On Tue, Nov 19, 2024 at 9:11 AM Frode Nordahl <[email protected]> wrote:
>
> Hello, Felix,
>
> This is not a full review of this patch, but a statement below caught
> my attention and I would like to discuss it further with you.
>
> I was also unable to test due to assumptions made about the use of
> distributed gateway ports in previous patches in this series, also
> added a note in-line on the gating on export before learning.
>
> On Thu, Oct 24, 2024 at 5:54 PM Felix Huettner via dev
> <[email protected]> wrote:
> >
> > we now learn all routes inside the vrfs we also advertise routes on.
> > The routes are then placed in the southbound database for processing by
> > northd.
> >
> > Routes are only selected if matching the following rules:
> > 1. must not be a route advertised by us
> > 2. must not be a local connected route (as we want to not learn transfer
> >    networks)
> > 3. the prefix must not be a link local address
> >
> > However we can not reliably determine over which link we learned the
> > route in case we have two LRPs of the same LR on the same chassis.
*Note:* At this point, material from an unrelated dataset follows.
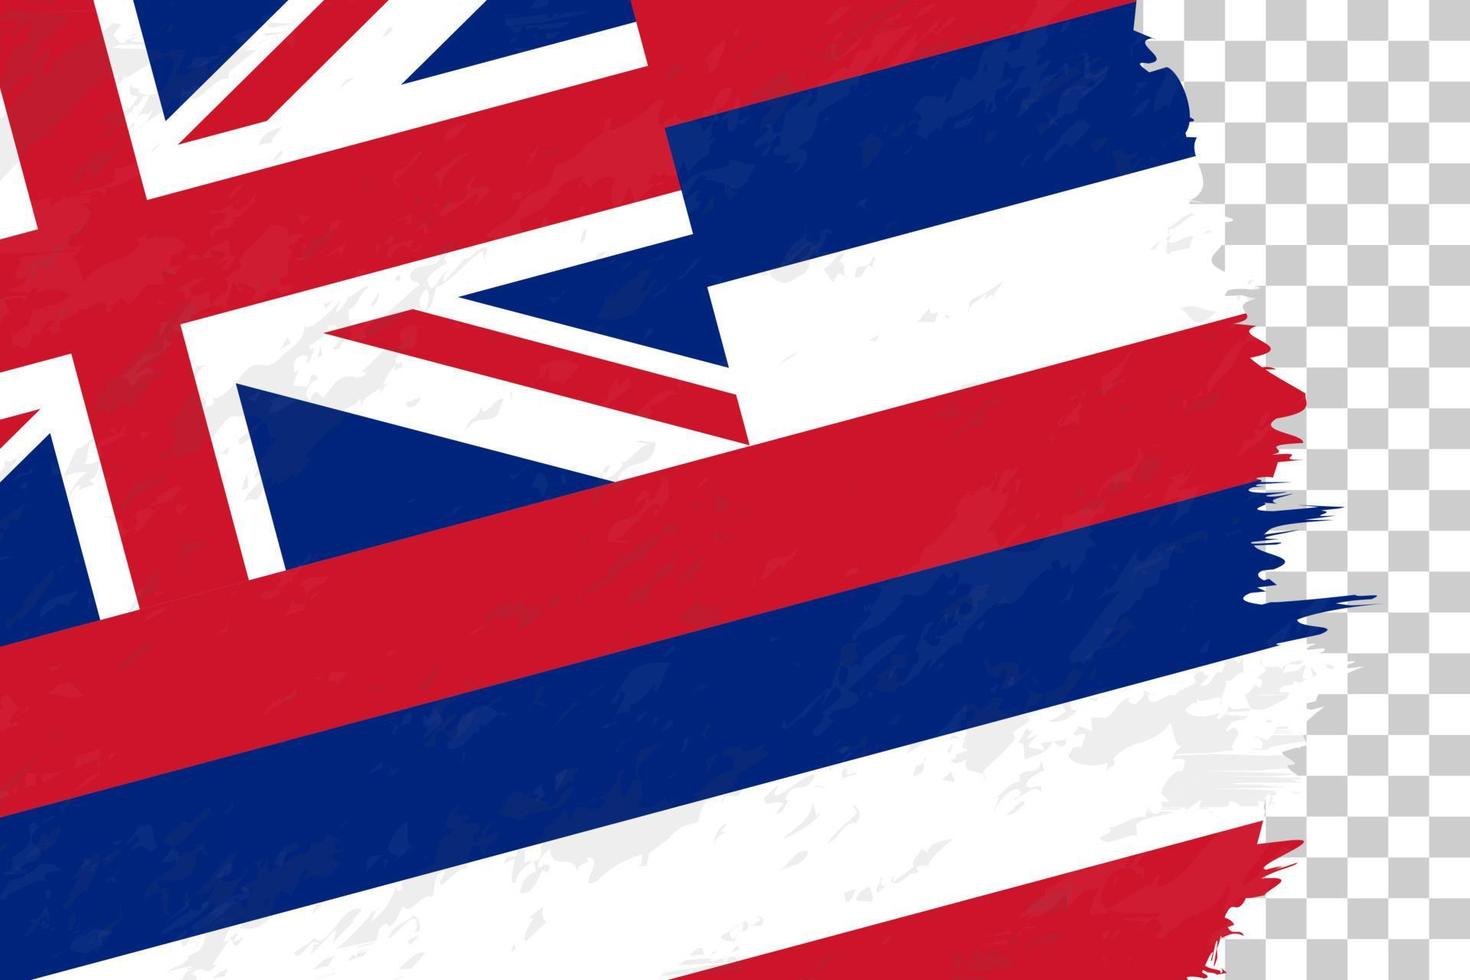 orizzontale astratto grunge spazzolato bandiera delle hawaii sulla griglia trasparente. vettore
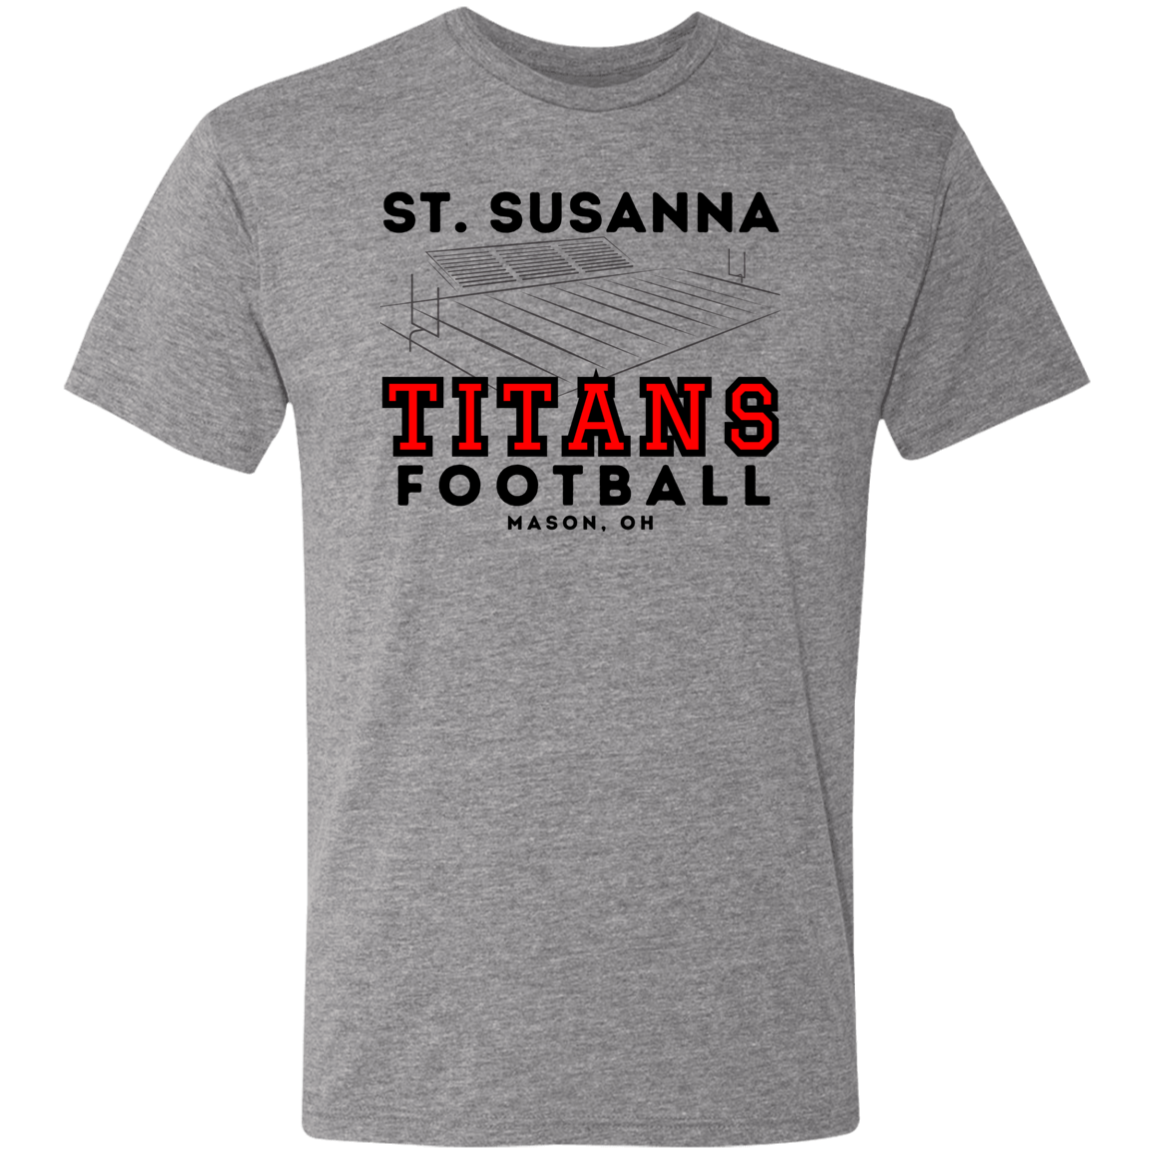 St. Susanna Titans Football FieldMen's Triblend T-Shirt

> > For now we just assume the routes on both links are identical.
> > Future commits will refine this.
>
> From my perspective, I think it would be worth spending some more time
> on this point, as it is an essential building block for required
> functionality such as supporting ECMP out of the host as a replacement
> for bonds.
>
> Looking at this quickly in a lab environment, I can see that the
> routing protocol daemon in use labels learned and redistributed routes
> with an interface:
>
>     $ sudo ip -6 route show table 10
>     ...
>     default via fe80::216:3eff:fec4:63dc dev eth2-bgp proto ra metric
> 1024 expires 28sec hoplimit 64 pref medium
>     default via fe80::216:3eff:fe5c:7673 dev eth1-bgp proto ra metric
> 1024 expires 28sec hoplimit 64 pref medium

Ha, these actually appear to come from router advertisements and not
the routing protocol daemon!

> From your comment above, where does the reliability issue you have
> seen come from? Does the routing protocol daemon not always label
> routes with source interface, or is it just missing in the current
> implementation on the OVS/OVN side?
>
> > Signed-off-by: Felix Huettner <[email protected]>
> > ---
> >  controller/ovn-controller.c         |   8 ++
> >  controller/route-exchange-netlink.c |  41 +++++++-
> >  controller/route-exchange-netlink.h |  13 ++-
> >  controller/route-exchange.c         | 146 +++++++++++++++++++++++++++-
> >  controller/route-exchange.h         |   2 +
> >  lib/ovn-util.c                      |  10 ++
> >  lib/ovn-util.h                      |   1 +
> >  7 files changed, 216 insertions(+), 5 deletions(-)
> >
> > diff --git a/controller/ovn-controller.c b/controller/ovn-controller.c
> > index 052ad8812..141d50fc0 100644
> > --- a/controller/ovn-controller.c
> > +++ b/controller/ovn-controller.c
> > @@ -4925,10 +4925,16 @@ route_runtime_data_handler(struct engine_node 
> > *node, void *data)
> >  static void
> >  en_route_exchange_run(struct engine_node *node, void *data OVS_UNUSED)
> >  {
> > +    struct ovsdb_idl_index *sbrec_route_by_datapath =
> > +        engine_ovsdb_node_get_index(
> > +            engine_get_input("SB_route", node), "datapath");
> > +
> >      struct ed_type_route *route_data =
> >          engine_get_input_data("route", node);
> >
> >      struct route_exchange_ctx_in r_ctx_in = {
> > +        .ovnsb_idl_txn = engine_get_context()->ovnsb_idl_txn,
> > +        .sbrec_route_by_datapath = sbrec_route_by_datapath,
> >          .announce_routes = &route_data->announce_routes,
> >      };
> >
> > @@ -5277,6 +5283,8 @@ main(int argc, char *argv[])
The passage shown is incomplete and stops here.